TASK INSTRUCTIONS:
After finding the line with "Can You Move" in the data below, set down exactly each line through the one with "Touch liquid crystal", inclusive, and stop there.

MATERIAL FOR THIS EXERCISE:
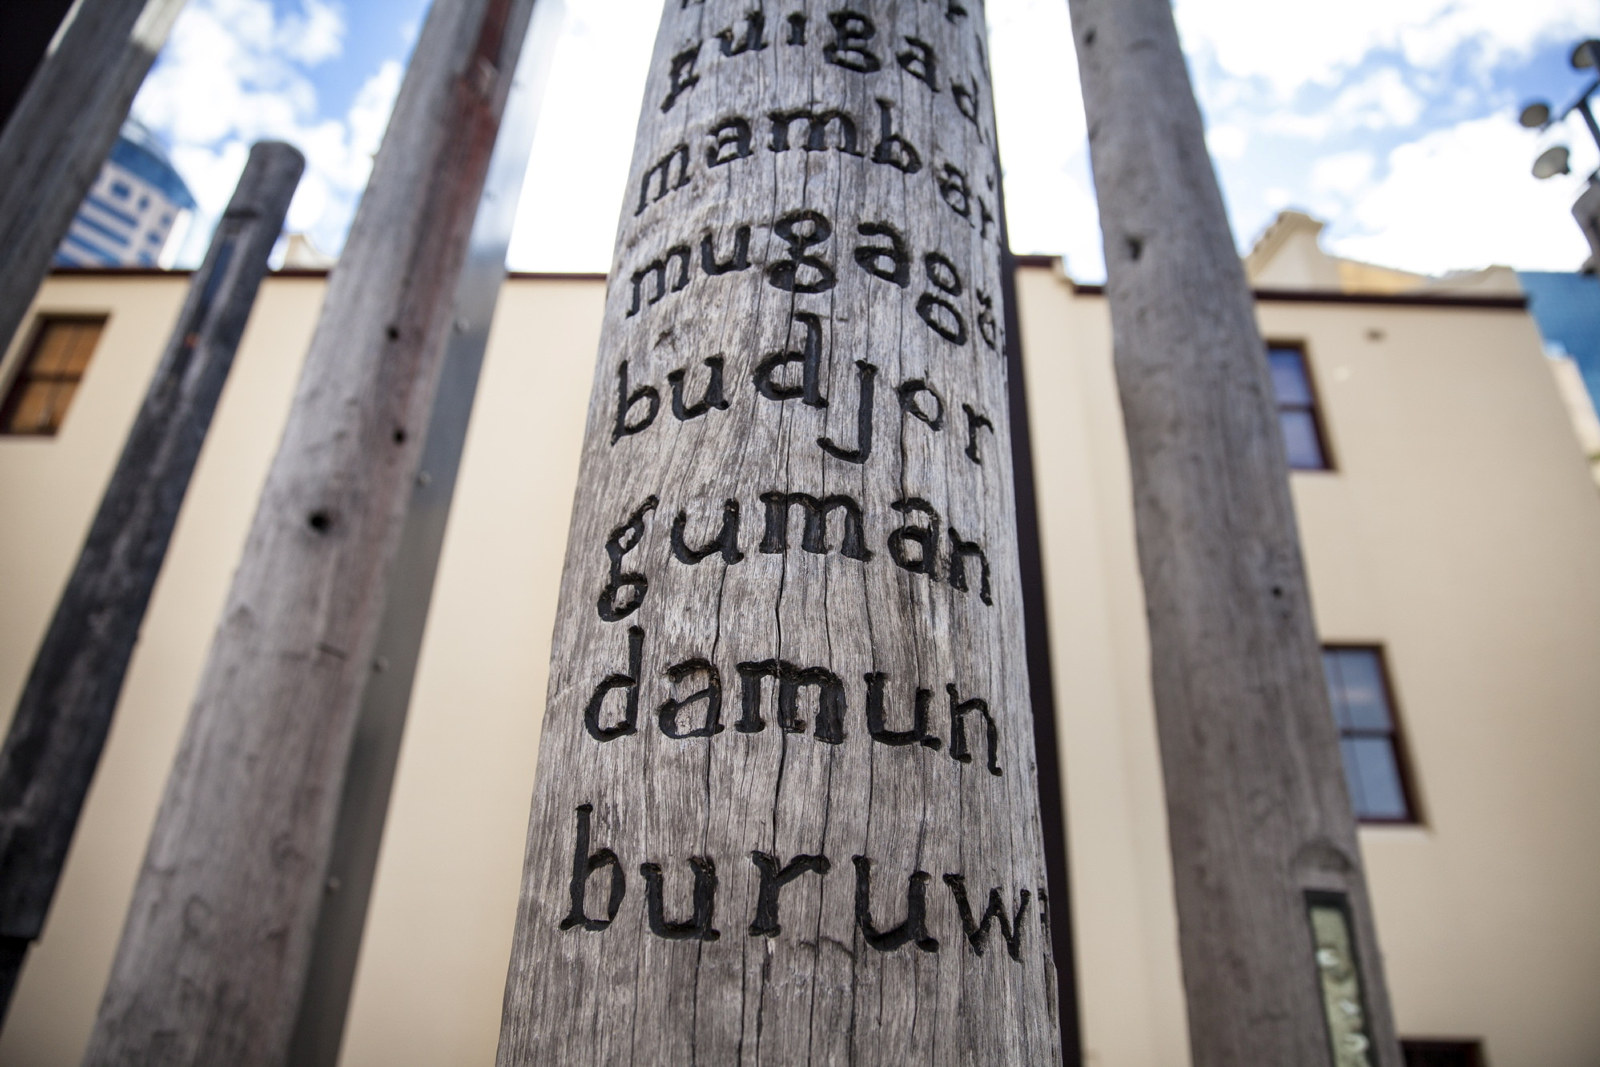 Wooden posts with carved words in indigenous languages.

...

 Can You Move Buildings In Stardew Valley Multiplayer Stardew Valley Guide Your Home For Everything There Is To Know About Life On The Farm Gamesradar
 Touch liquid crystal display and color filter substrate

* * *

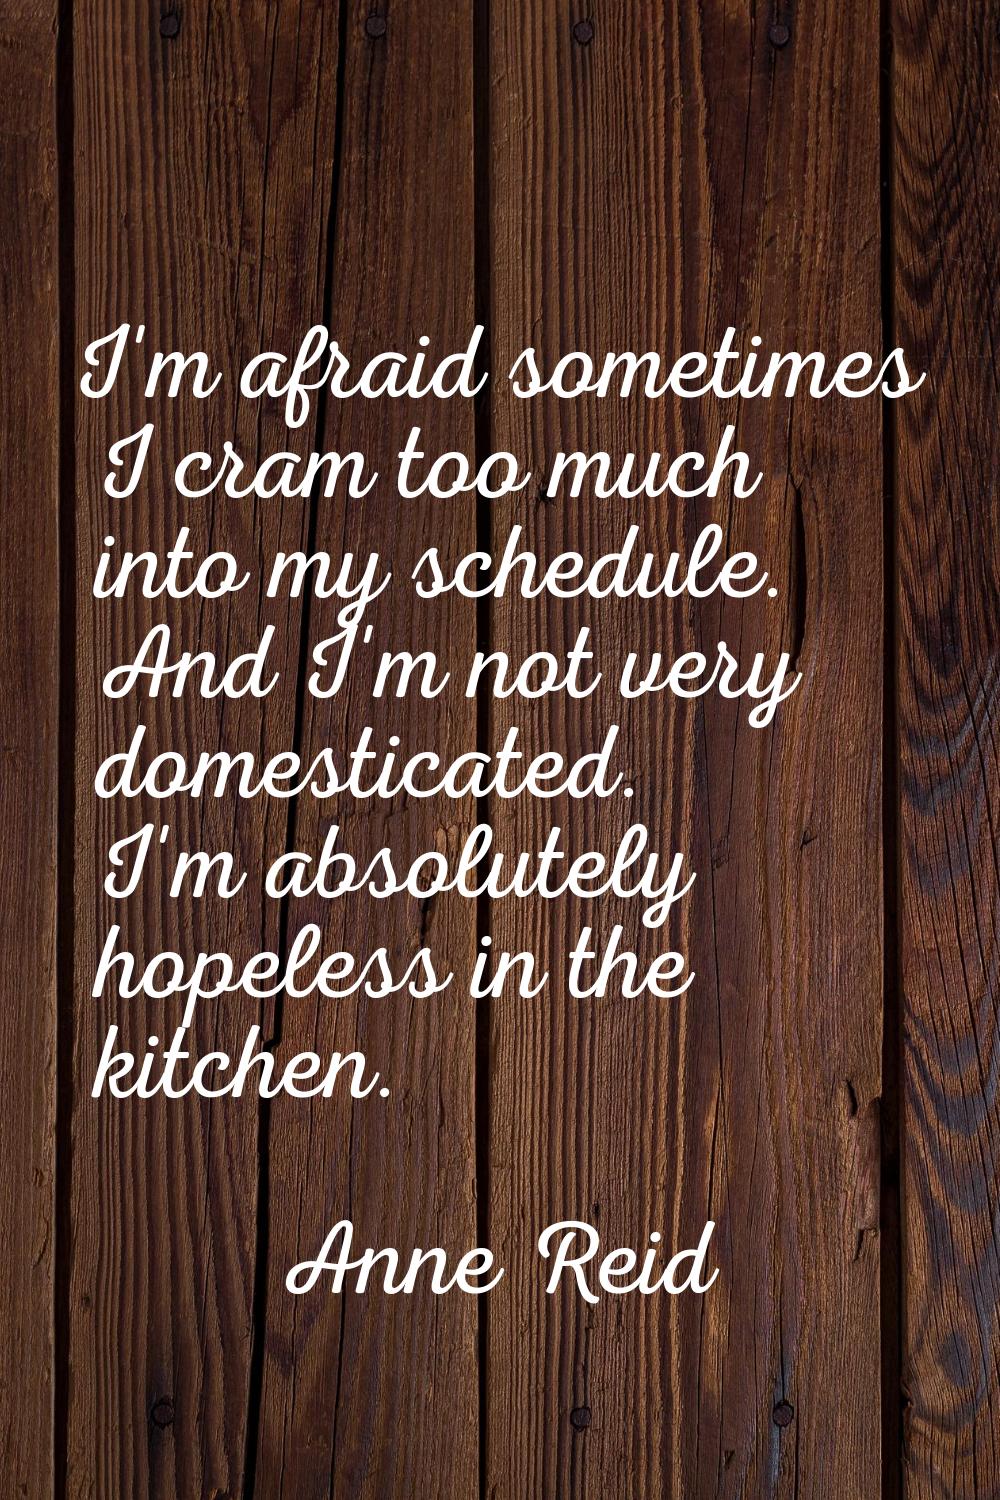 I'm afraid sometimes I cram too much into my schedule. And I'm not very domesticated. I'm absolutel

RESPONSE TO THIS EXERCISE:
 Can You Move Buildings In Stardew Valley Multiplayer Stardew Valley Guide Your Home For Everything There Is To Know About Life On The Farm Gamesradar
 Touch liquid crystal display and color filter substrate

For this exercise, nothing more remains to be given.